A control electronics unit 51 of the control apparatus 50 is connected on a pump-remote side of the pump-motor unit 10.
The control apparatus has a third housing 60.
The implementation as a “wet-runner” facilitates lubrication oil supply to the bearings 222, 223. A through-passage opening 226 (formed starting at receiving opening 203, which extends completely through first housing 200), enables in- and out-flow of the lubrication oil in pump 20; thereby, the bearings 222, 223 and the first rotor part 211 provided for axial support, can be provided with lubricant. Similarly, lubricant entering via opening 226 passes via the pump into the electric motor 30 and exits at a motor cover formed at a pump-remote end of electric motor 30, and vice versa. Preferably, the suction regions 209, 210 on the front side of the pump rotors 211 212 and the receiving opening 203 are in fluid communication via a fluid channel 227, in order to make possible, via suction regions 209, 210, a supply of oil to the receiving opening 203, and to thereby assure a better lubrication of shaft 40.

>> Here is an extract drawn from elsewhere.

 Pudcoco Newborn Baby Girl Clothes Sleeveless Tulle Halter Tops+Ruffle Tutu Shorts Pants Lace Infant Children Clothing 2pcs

FIG. 5 illustrates schematically the structure of a gerotor pump 300. The pump rotor has an inner toothed wheel 302 and an outer toothed ring 303, whose inward-pointing teeth mesh with the outward-pointing teeth of inner wheel 302. Inner wheel 302 and outer ring 303 are eccentrically mounted with respect to each other, and have differing respective numbers of teeth. Therefore, inner wheel 302 and outer ring 303 turn at different respective rotation speeds, so that, during rotation, the size of the voids or interstitial spaces between the respective teeth fluctuate between a maximum volume and a minimum volume.

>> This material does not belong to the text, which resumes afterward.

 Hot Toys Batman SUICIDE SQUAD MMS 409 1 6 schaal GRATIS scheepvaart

Pump 300 has a fluid inlet 304 and a fluid outlet 305. Fluid inlet 304 is in fluid communication (via a channel, not shown) with the facing sides of inner wheel 302 and of outer ring 303 at a region where, for a predetermined rotation direction, the void size decreases, thereby creating excess pressure, which expels the fluid to be conveyed.

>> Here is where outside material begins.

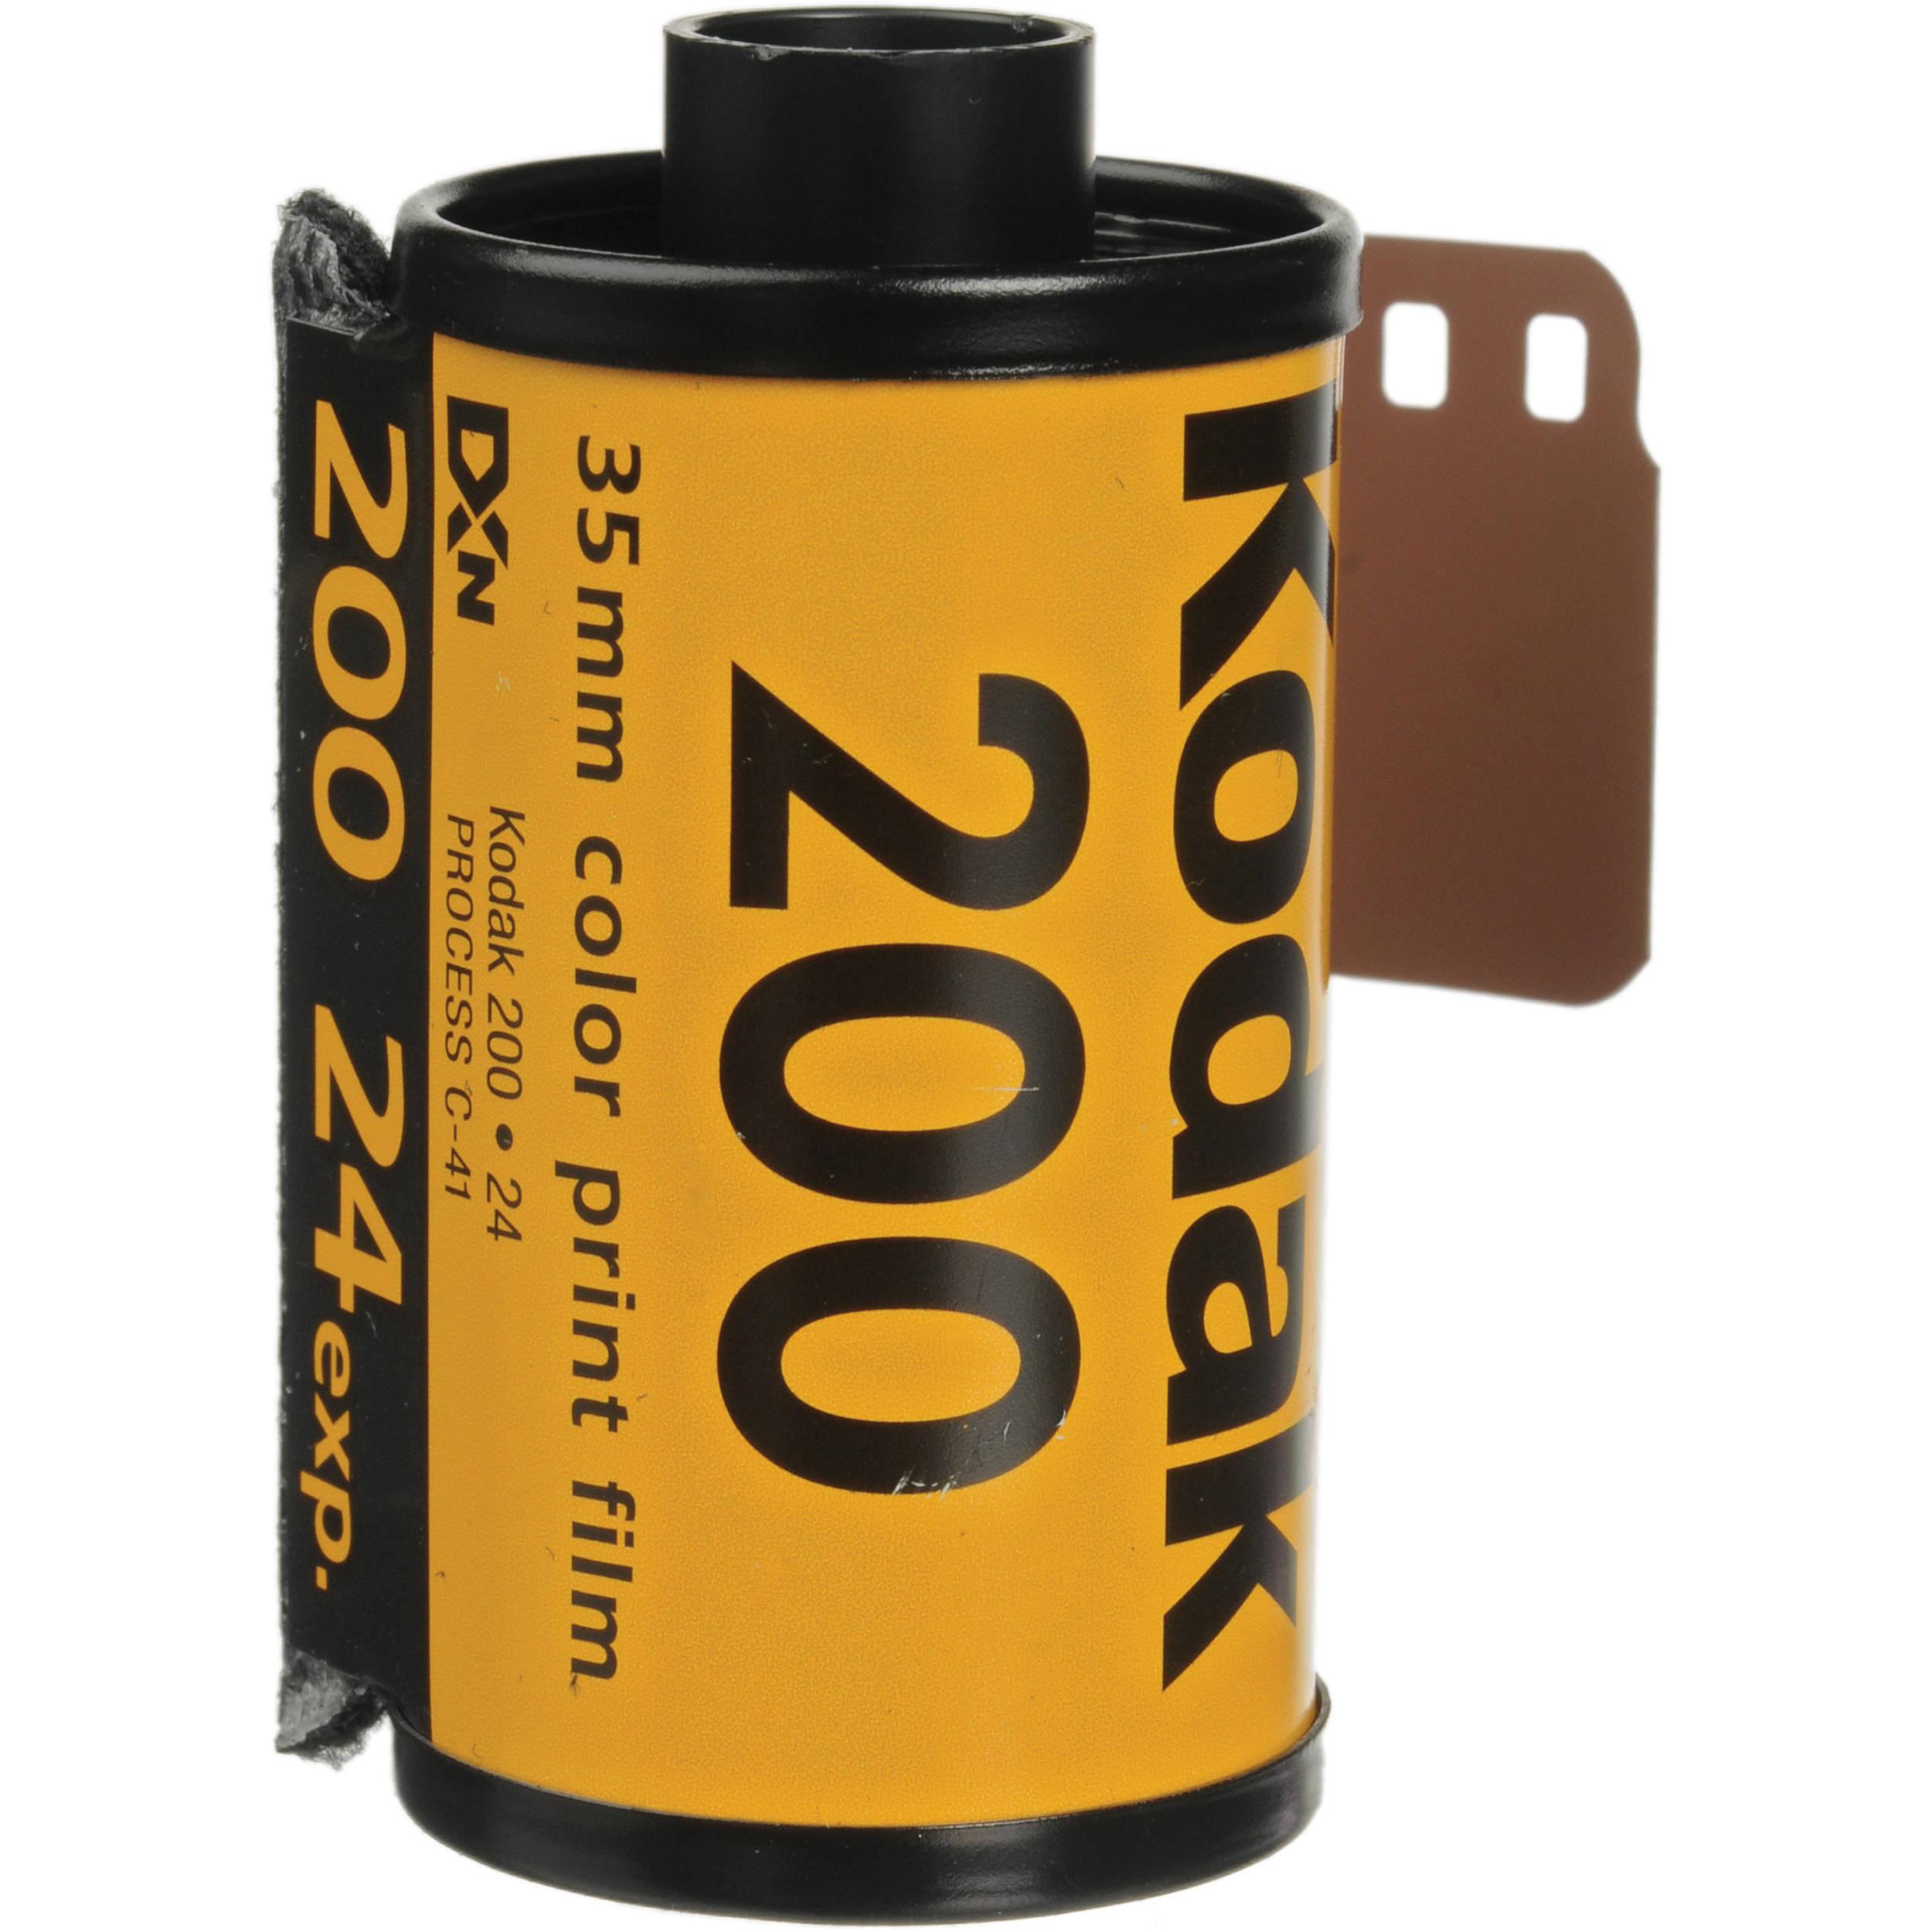 Kodak Gold 200 Color Negative Film 6033955 B Amp H Photo Video

FIG. 6 shows a possible schematic structure of a transmission apparatus 370 with a schematically indicated housing 372 in which, at the bottom, transmission oil 360 is provided. The actual mechanical transmission gears 354 must, in operation, be lubricated by the transmission oil 360. For this purpose, a first transmission oil main pump 350 is provided, which is mechanically driven, from transmission 354, via a mechanism 352, in order to supply transmission oil 360 via a conduit 358 to the transmission 354. However, transmission oil main pump 350 only functions when transmission 354 is moving. In a stationary state of transmission 354, transmission oil main pump 350 is not active, and lubrication of transmission 354 is not assured, especially upon start-up of transmission 354. Therefore, the supplemental or auxiliary oil pump 310, driven by electric motor 30, is provided. It can, as needed, pump oil 360 via conduit 356 and non-return valve 357 into conduit 358, and thence into transmission 354. The non-return value 357 is provided to prevent flow of transmission oil from main pump 350 into supplemental pump 310. The transmission oil 360 applied to transmission 354 subsequently flows back down into the oilpan, and can be later pump back up again. Alternatively, pump 310 could naturally be installed as the main transmission oil pump 350.
Those having ordinary skill in the fluid pumping art will understand that many variations and modifications are possible, within the scope of the inventive concept. Therefore, the invention is not limited to the specific embodiments described above, but rather is defined by the following claims.